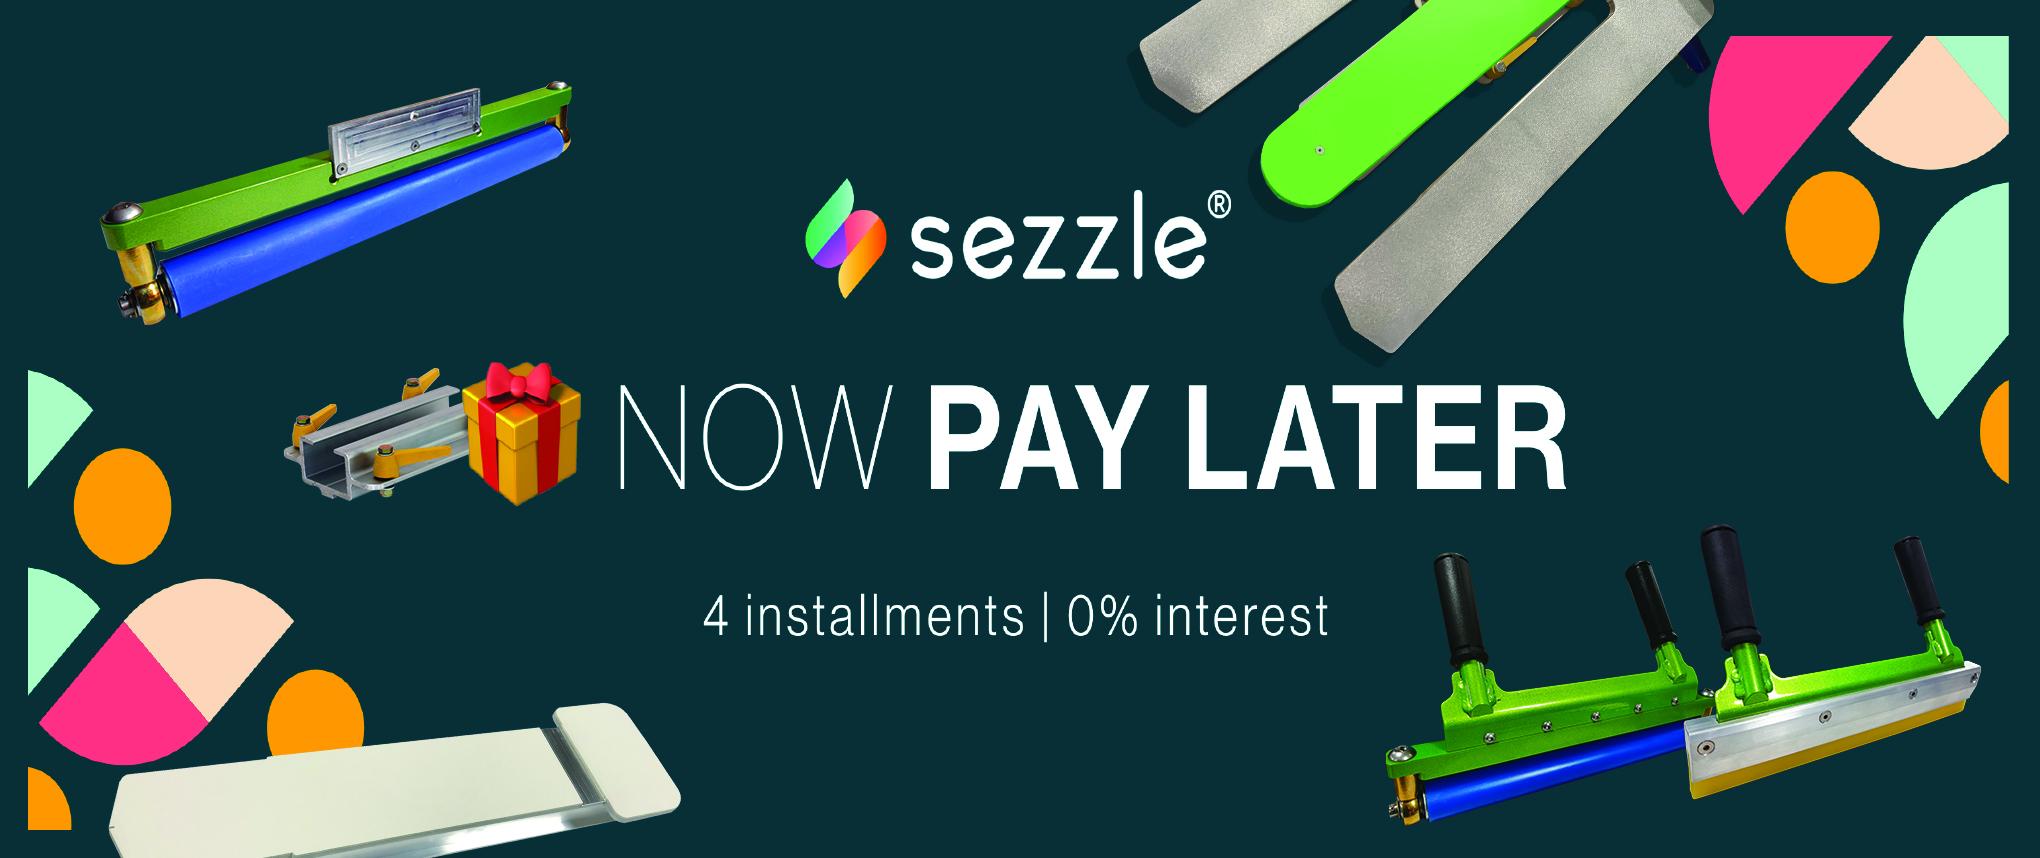 sezzle-web-banner.jpg
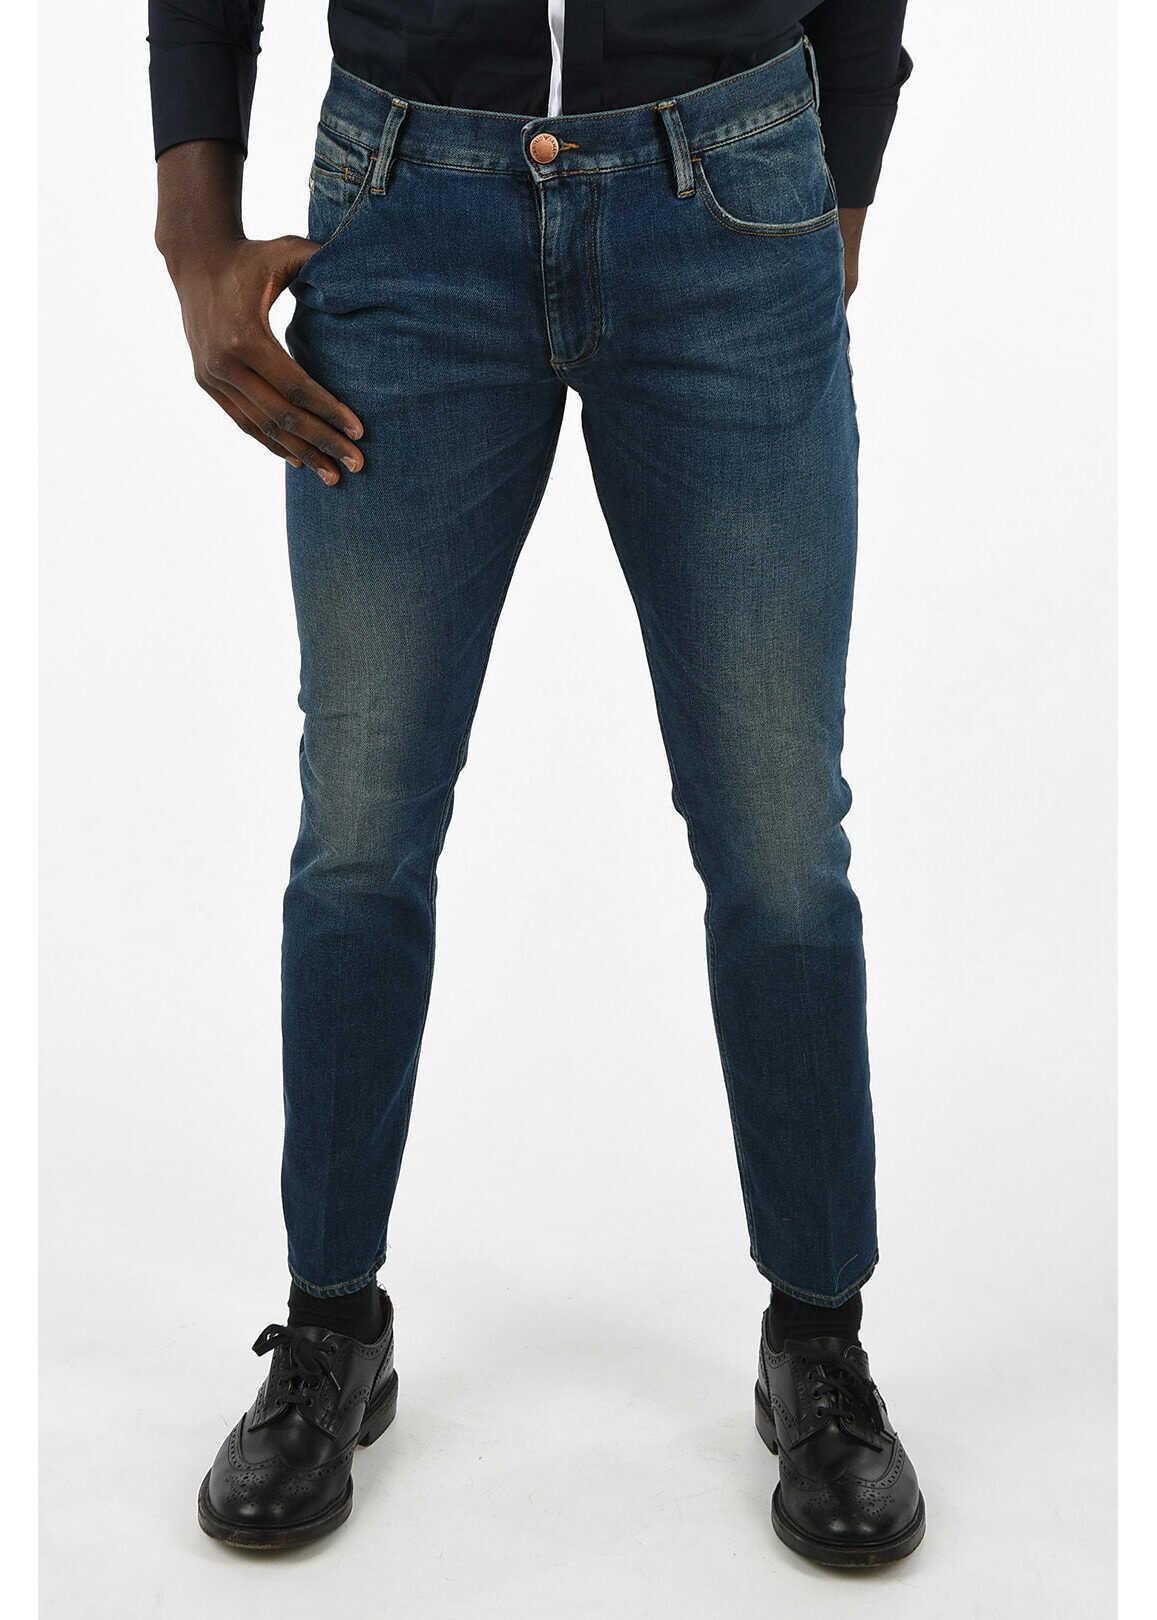 Armani EMPORIO 18 cm Slim Fit Jeans* BLUE
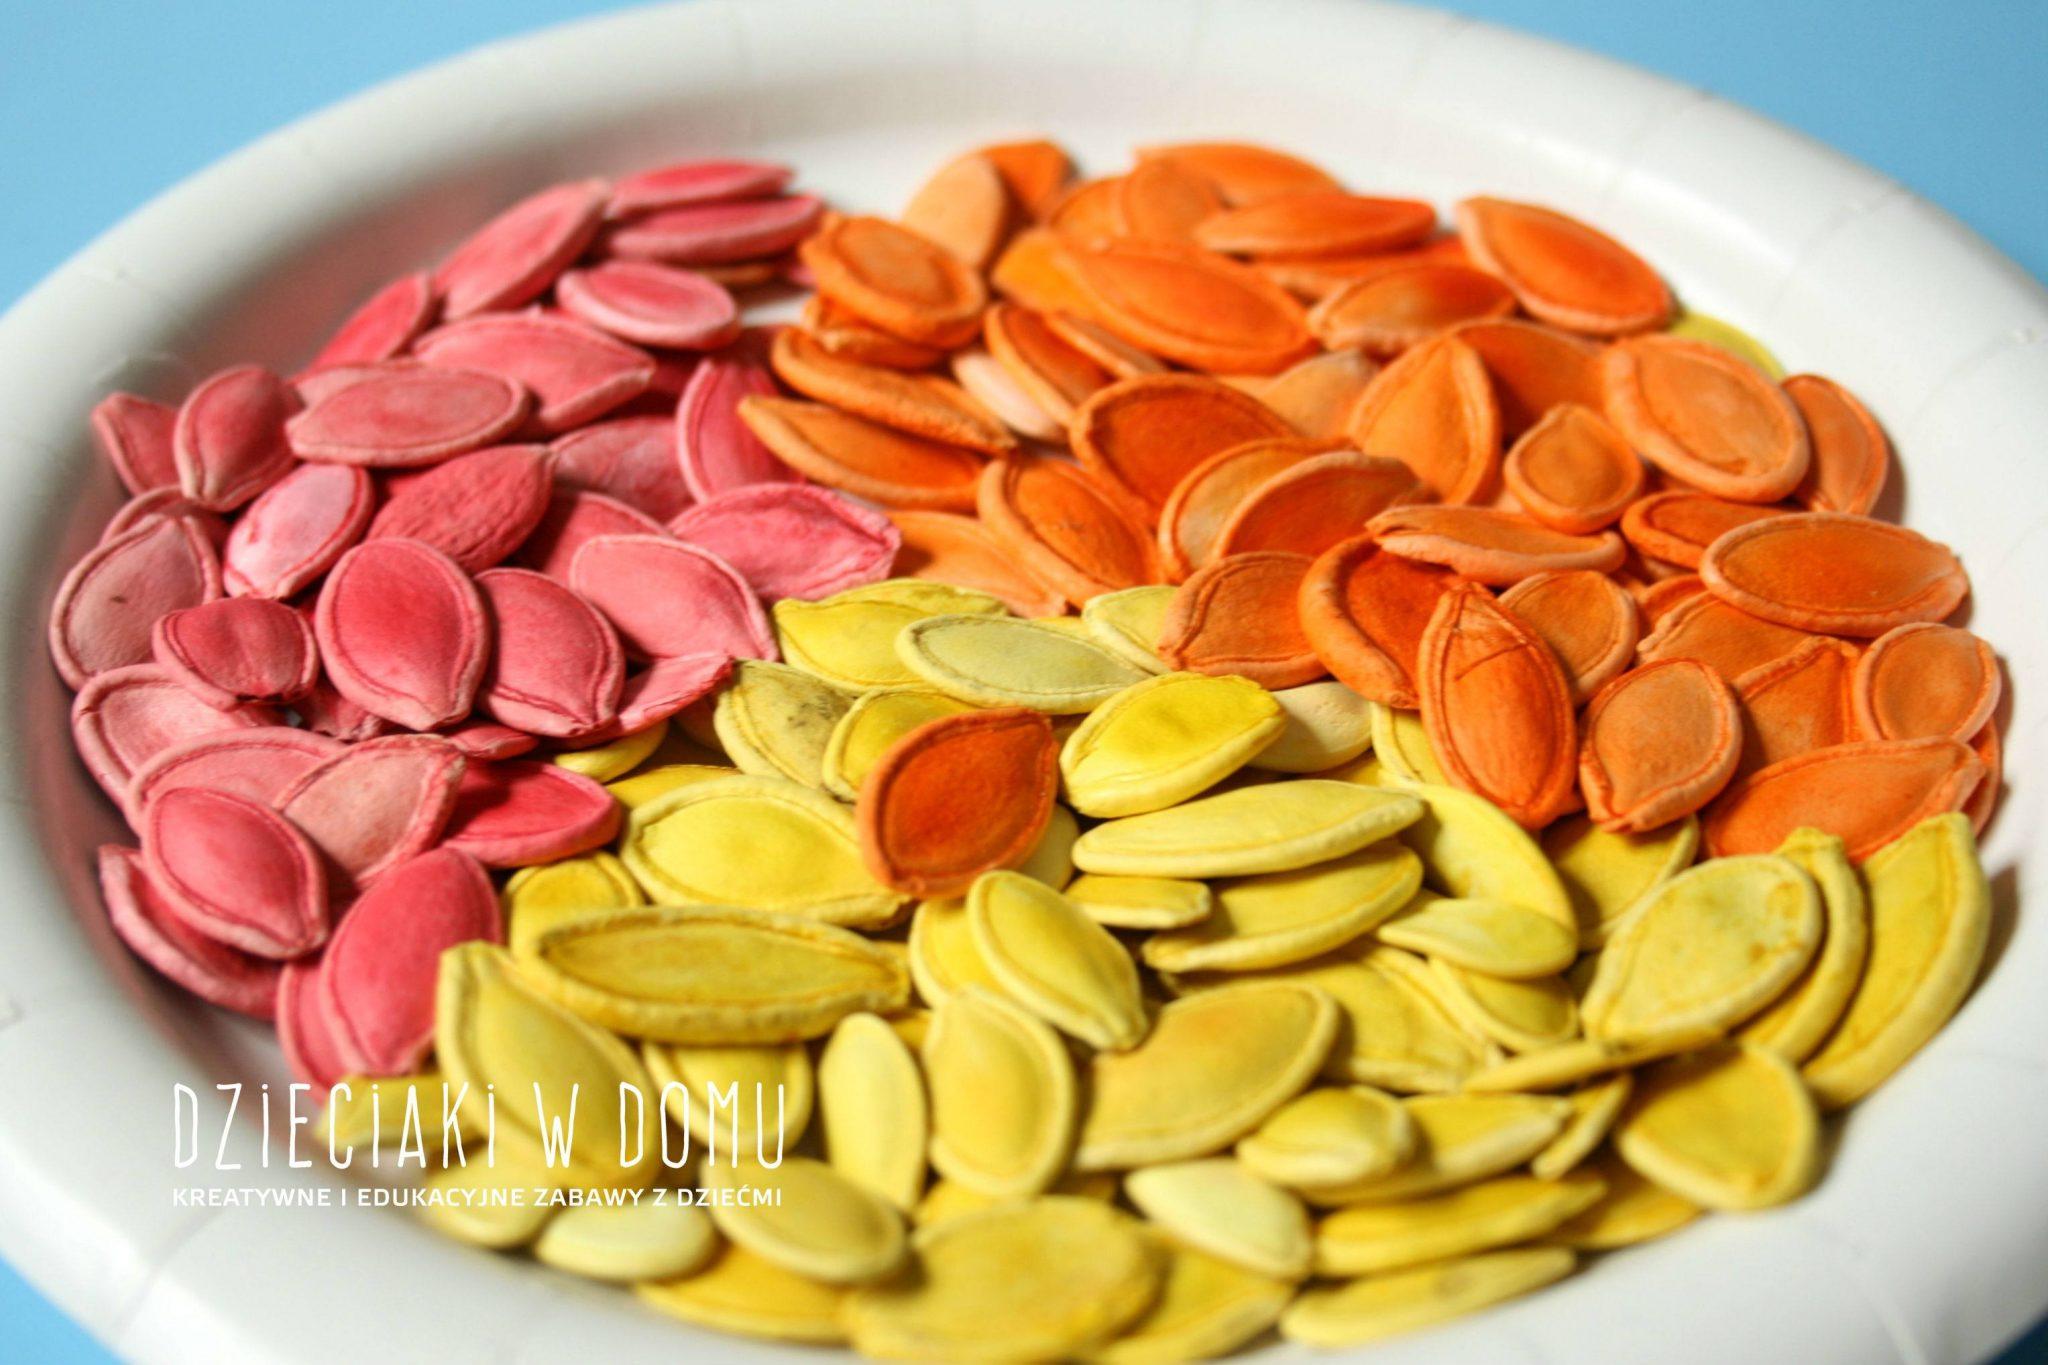 farbowane pestki dyni

What the task requires:
Please write out all of the material above without changing a word, and omit any pictures.

Written solution:
 sezzle-web-banner.jpg
 Armani EMPORIO 18 cm Slim Fit Jeans* BLUE
 farbowane pestki dyni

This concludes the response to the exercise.